Ieri al Circolo si è parlato di differenza di generi e, a parte qualche riflessione che ho sentito troppo antica o come diceva Ceci troppo distante da noi (come si fa a rivendicare il diritto al congedo di paternità in un momento storico in cui i padri il lavoro lo perdono, ce l'hanno precario o non lo posseggono affatto?), alcuni concetti mi sono piaciuti.
Quello di "conflitto" per esempio, che non è litigio o violenza ma confronto e ricerca di armonia. Armonia intesa non come complementarietà, anzi, ma come cammino verso un equilibrio. Una parola bellissima equilibrio.
Un altro termine che ho sentito subito fare effetto sui miei pensieri è stato "alleanza" e stamane, cercando in rete, ho trovato questa intervista ad Erri che ne parla subito, a proposito del suo rapporto con le donne:
http://errideluca.free.fr/Intervista%20isabella.htm
Bellissimo, a mio parere, il passaggio in cui dice "...due estranei più o meno coetanei che non vengono dalla stessa famiglia, che non si conoscono e che si scelgono, stabiliscono alleanza e futuro".
Con questo mio post non voglio, intendiamoci, sparare a zero sull'universo femminile (del quale per altro sono fiera di fare parte), solo mi pare alquanto riduttivo inscatolare tutte le difficoltà che le donne affrontano ogni giorno in un problema di differenze tra maschio e femmina.
Sempre ieri sera si parlava, con una punta di disapprovazione, della risposta che le più giovani danno (ancora) oggi alla domanda "cosa cerchi in un uomo?". Di solito è "protezione". So bene che la donna dovrebbe proteggersi da sola, accettarsi, vivere la propria vita nel rispetto di se stessa e delle sue esigenze, ma perché, in tutto questo, non può desiderare due antiche braccia forti pronte ad aiutarla nelle prove in cui si sente perduta? Mica è reato dire "non ce la faccio, aiutami tu". Io credo che le difficoltà più grosse, per me, nel vivere le cose di ogni giorno, siano state causate proprio dal non saper chiedere aiuto, dal non saper dire ho bisogno di te, di qualcosa di più, di una mano sicura.
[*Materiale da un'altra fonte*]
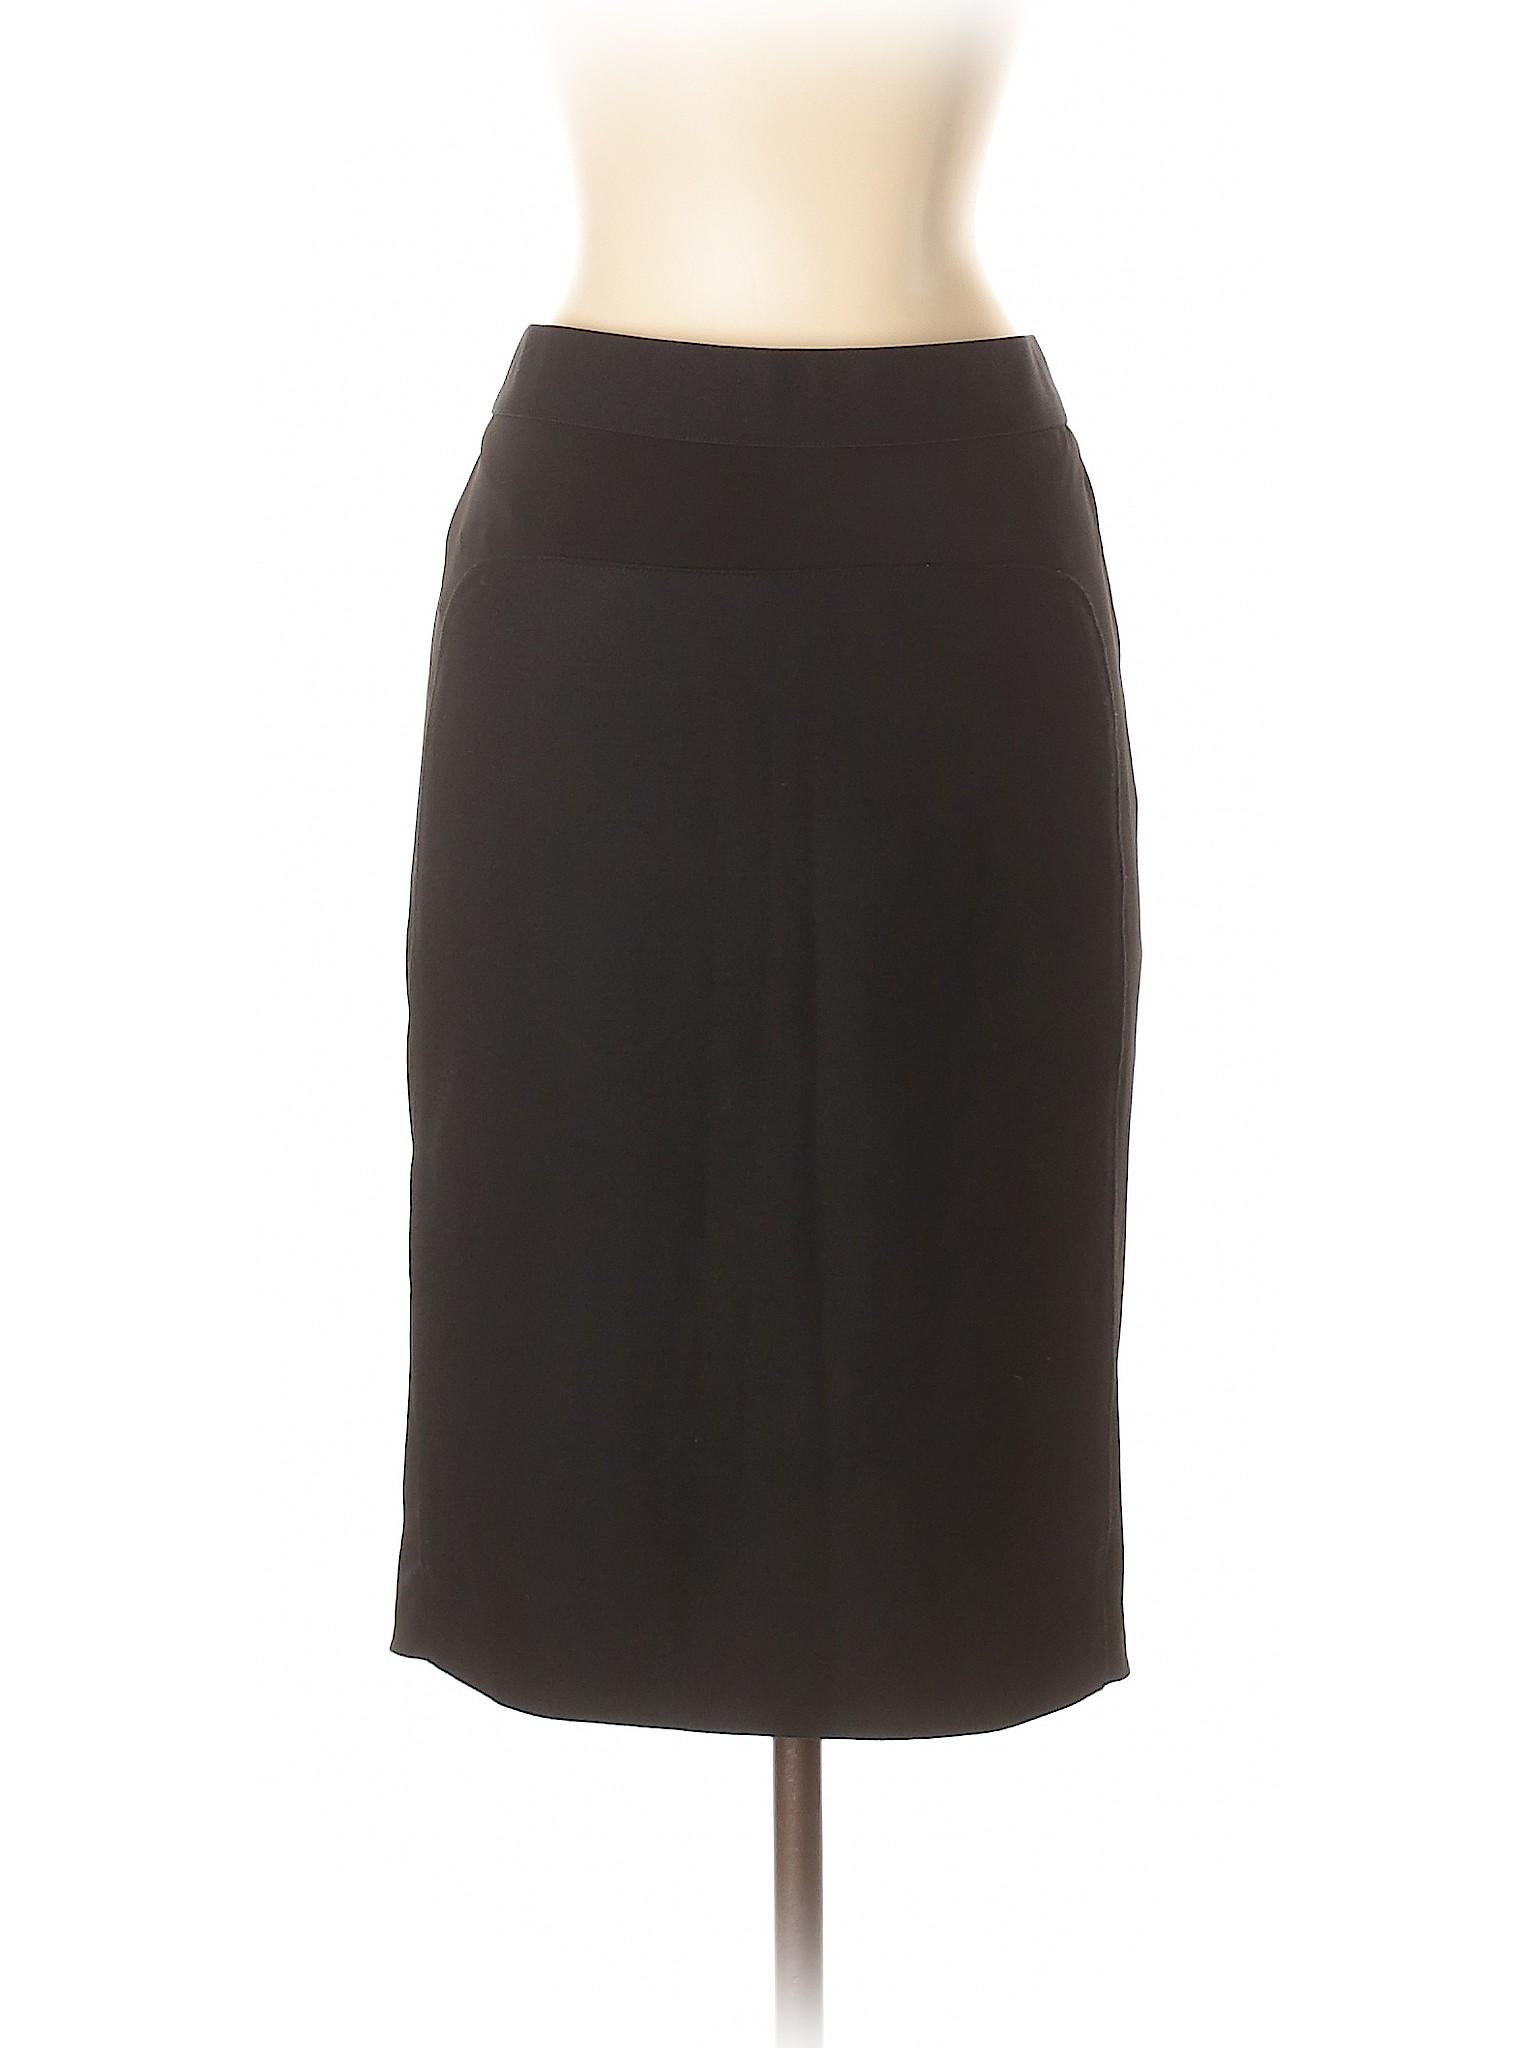 Skirt Skirt Wool Skirt Boutique Boutique Wool Wool Wool Boutique Boutique fqP4twz

Con la convinzione di dover diventare l'emancipata ragazza "che non deve chiedere mai" ho passato anni a cercare la protezione che non ho avuto dai maschi di casa, senza però domandarla mai. Una fatica e una frustrazione continue quando sarebbe stato più semplice dire "mi aiuti?"...che non significa "sono donna, quindi inferiore, non è che puoi coccolarmi e proteggermi tu uomo virile?", significa semplicemente accettare in prima persona i propri bisogni, prendersene cura e non chiuderli in un cassetto.
L'8 marzo quindi, penso dovrebbe rimanere la festa della donna in quanto essere umano che ha il diritto di scegliere, perché è questa la vera lotta: il diritto ad una vita dignitosa che in molti paesi è ben lontana, il diritto a scegliere un lavoro che ti permetta di desiderare un figlio e costruire una famiglia continuando a lavorare, il diritto allo studio, il diritto a vivere la propria religione liberamente, il diritto ad avere una sessualità spontanea (né forzata né repressa), il diritto a coltivare passioni e momenti privati senza dover giustificare il proprio comportamento, il diritto a scegliere, appunto, a scegliere se stesse come persone e non come donne.
http://www.youtube.com/watch?v=5-_BIpb-dDc (qui un lungo e bel filmato, un progetto in cui i bimbi, come spesso accade, ci insegnano molto)



domenica 3 marzo 2013

A sunday smile

E' domenica, c'è il sole e sono sull'albero.
Reduce dalla settimana di immobilità, ora va molto meglio, ma non mi sento granché di camminare e sforzare la gamba.
Ieri mi sono regalata un ciuffo dal parrucchiere e un giro nei vicoli, la sera ho pagato un po' questa botta di vita e al concerto al circolo ho dovuto preferire il divano di casa.
Questa mattina colazione da Feltrinelli coi vicini, pranzo con mamma alle Ombre e un'occhiata al mercatino vintage di De Ferrari, dove figuriamoci se non mi sono portata a casa una mini enciclopedia delle piante spontanee.
Spesa veloce e ora nel forno cuoce l'ennesimo esperimento vegetale, che dovrà fungere da pranzo in ufficio per i prossimi giorni: torta di verza e hemmental.
L'idea me l'ha (come sempre) data Sturm, passando di qua qualche tempo fa. Ho provato a prepararla a modo mio, senza alcuna ricetta in mano, nè cercando in rete come faccio di solito.
L'aspetto, al di là del vetro giallo del forno, mi sembra bello...il gusto chi lo sa.

Ingredienti:
- pasta sfoglia (solita, già pronta)
- 2 uova
- 250 gr di ricotta
- 1 verza (non troppo grande)
- 3 scalogni
- un pezzo di hemmental (o similari)
- poco parmigiano grattugiato
- capperi (una manciatina, io uso quelli sotto sale)
- olive taggiasche
- olio
- sale

Procedimento:
Mentre i tre scalogni tagliati fini (con la mezzaluna) rosolavano in padella, ho pulito e tritato (occhio alla venatura centrale, se troppo dura meglio toglierla) la verza.
Aggiunta in padella con i capperi e le olive privati rispettivamente di sale e nocciolo l'ho lasciata appassire e insaporire con un pizzico di sale. Nel frattempo, in una terrina, ho unito le uova, la ricotta, poco parmigiano e una generosa (molto) grattata di hemmental.
Cotta e intiepidita la verza ho amalgamato le verdure al resto degli ingredienti e ho riempito la teglia foderata di sfoglia con il composto. Un filo d'olio in superficie e poi forno a 180° per mezz'ora. Un altro quarto d'ora (ma questo è necessario solo per il mio forno credo), lo dedico a cuocere la torta solo sotto, onde evitare che la sfoglia resti cruda.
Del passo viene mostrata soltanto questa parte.